Oh shit. Shit shit shit.

If I had 25 varieties of cheese in my fridge I would definitely consider that being cheese obsessed.

karen on recognizing she might have a problem.

It was nearing the end of hour 3 that it hit me.

I was one of them. On a much smaller, much less impressive scale, I was one of them and I don’t even know when it happened. This is how cults form. You know that right?

Consider this my coming out, as I introduce you to the 25 varieties of dahlias I will be growing this year. The majority of them were purchased from The Hamilton and District Chrysanthemum & Dahlia Society. I have not heard the word “Chrysanthemum” uttered a single time in any of the meetings or correspondence with the society so I suspect they just threw that in there give the impression we’re all perfectly normal with many interests outside of dahlias.

The Dahlia Varieties

I get asked fairly often where I get my dahlia tubers from and I’ll say it again – I joined my local dahlia society partly because it’s the best place to get unusual or rare dahlia tubers.

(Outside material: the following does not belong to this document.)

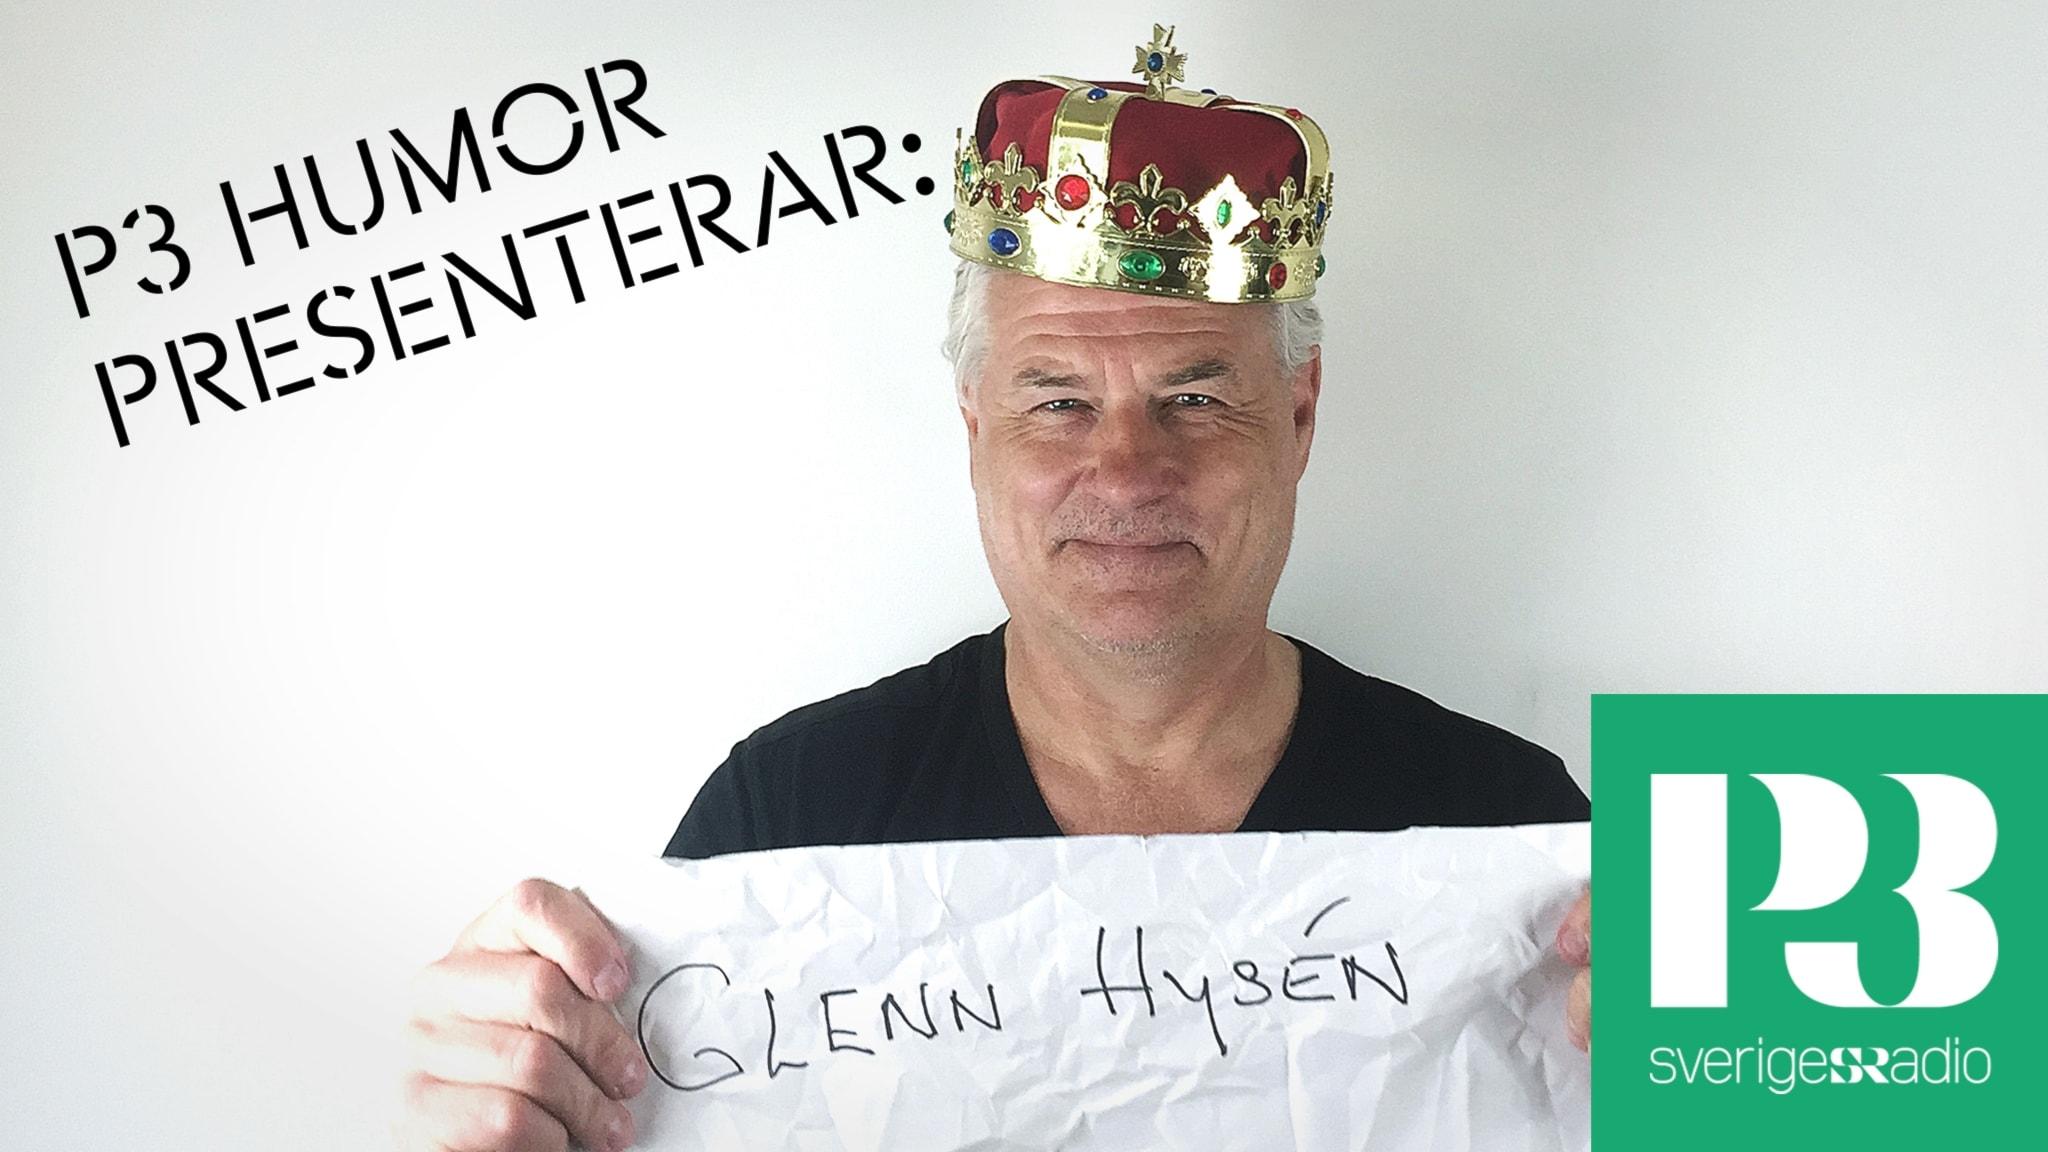 P3 Humor Presenterar: Glenn Hysén

Check the Internet to see if you have a local society. As I may have mentioned before, dahlia people are quite enthusiastic about dahlias and will be more than happy to share tubers and information.

If you’re in Canada you can even join my local dahlia society which has more members in the American Dahlia Society than any other dahlia society in Canada.

Varieties 1-5. Hollyhill Spider Woman, Labyrinth, Alfred C, Roque Starburst, Jess Lynn.

Varieties 6-9. Gitt’s Attention, Woodland’s Wildthing, Sandra, Trooper Dan

Varieties 10-14. Pam Howden, Ivanetti, Zorro, Verone’s Obsidian, Triple Lee Dee

Varieties 15-19. Hart’s Dr. McMurray, Wine Eyed Jill, Petra’s Wedding, Hilltop Lost Treasure, Alpen Cherub (I’m REALLY excited for this one)

Varieties 20-25. Totally Tangerine, Yvonne, Cornell Bronze, Parkland Tribute, Narrow’s Erica, Dollarama Black (not it’s official name obviously, but it’s what I’m calling it)

Like I said, part of the reason to join your local dahlia society is to get your hands on hard to find tubers. This is especially true in Canada where tubers aren’t as widely available as they are in the United States.

The other good reason to join a society is for the tips and tricks. These are people who know what they’re doing. And some of the society members will have been growing dahlias for decades.

In my local dahlia society they’ve bred their own varieties of dahlias, most notably the variety Colleen Mooney from breeder John Mooney who lives a few kilometers away from me. It won the small decorative dahlia class from the American Dahlia Society.

Here are the top 3 tips I learned in our spring meeting.

Simple Dahlia Growing Tips

  1. Add a small handful of lawn fertilizer (30-0-2) to the planting hole when putting them in the ground.
  2. Plant your dahlias so the eye is 5″ below the soil surface.
  3. If you want show quality blooms, pinch off all but 1 of the sprouted eyes. If you just want a big SHOW of dahlias, you can leave the extra sprouts.

And in closing, my own little tip for you – Don’t ever think it can’t happen to you.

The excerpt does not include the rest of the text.